Legislators from both parties, upset by the Virginia Supreme Court’s declaration last year that the state Freedom of Information Act doesn’t apply to the court system’s administrative agency, the Office of the Executive Secretary, have introduced bills to say it does.

And, to underscore the point, they’ve introduced a bill that overturns the high court’s 2017 decision denying the Daily Press access to a database of court docket information the office maintains on the grounds that the office did not have formal custody of the information in that public record.

“Both sides are flexing their independent branch muscle,” said Del. Mike Mullin, D-Newport News, who is sponsoring some of the bills. Del Jason Miyares, R-Virginia Beach, has also introduced the legislation.

“We’re saying the public has a right to see how the people who handle its money do their business, that the courts are subject to the law, just like the executive branch and the legislative branch are,” Mullin said.

In an Office of the Executive Secretary memo on the bills, a copy of which was obtained by the Daily Press, it calls the bills “highly problematic … their effect is to treat a separate co-equal branch of government as if it were an agency of the executive or legislative branch.”
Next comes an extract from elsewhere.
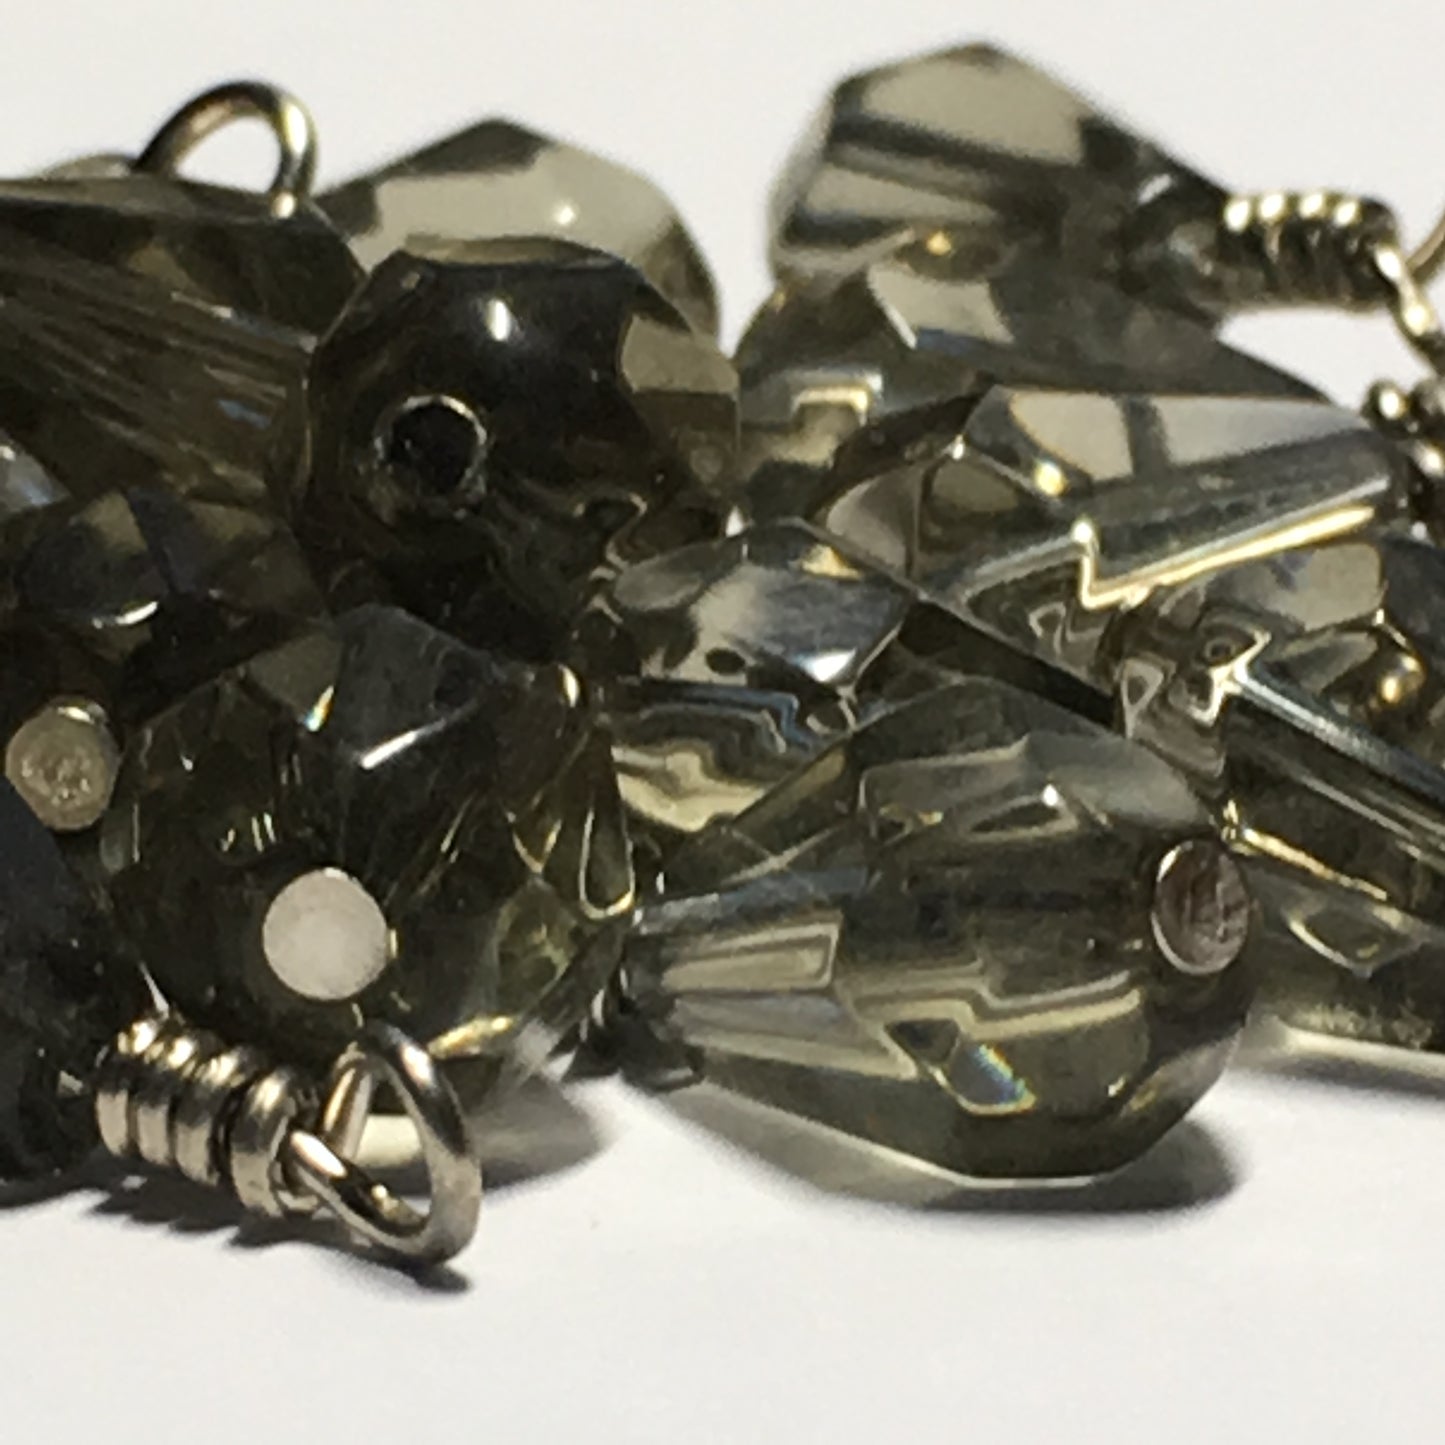 Transparent Gray Briolette Glass Beads, 20 x 11 mm, With Wire Wrapped Head Pins, 22 Beads

But Megan Rhyne, executive director of the Virginia Coalition for Open Government, said the courts’ administrative office itself is a creation of the General Assembly, that the legislature approves its budget and that legislators regularly enact the rules that courts and judges must follow.

The problem came to a head in 2018 when a circuit court ruled records of how an Eastern Shore court spent its funds were not subject to the Freedom of Information Act. The Virginia Supreme Court followed suit last year with a formal rule that effectively said the court system, including its administrative office, were not subject to FOIA.

“They just went ahead and asserted this,” Rhyne said. “I can’t find any cases, any treatises that say they can do this.”

The state constitution, however, specifically says the General Assembly has the power to enact laws dealing with the administration of courts, and that it is empowered to correct the rules that the Supreme Court promulgates, Rhyne said.

The Office of the Executive Secretary talking points say judges are concerned the notes and drafts they write while a case is pending could become public if the courts were subject to FOIA, but Mullin said some four centuries of law make clear that those records are not public.

He said he’d be willing to add such an exemption to FOIA, if court officials thought it necessary.

A spokeswoman for the state courts, Kristi Wright, refused to comment when asked about the agency’s stand on the bills.

There’s been tension between the legislature and the courts for years.

While Republicans controlled the House of Delegates, its Courts of Justice committee took a hard line on limiting judicial authority.

Challenges to judges’ power to give a break to some first-time, nonviolent offenders with a “deferred disposition” order that allowed for a charge to be dismissed if the defendant kept a clean record for a period of time were one irritant.

So was the General Assembly’s fondness for setting mandatory minimum sentences that tied judges’ hands when deciding on punishments.

But with the change in control of the legislature, there’s a new attitude. One signal of where the new Democratic majority might go was Democratic Gov. Ralph Northam’s comment last year that he’d sign no more mandatory minimum sentences into law.

“I think we’re more inclined to let judges have their constitutional discretion,” Mullin said.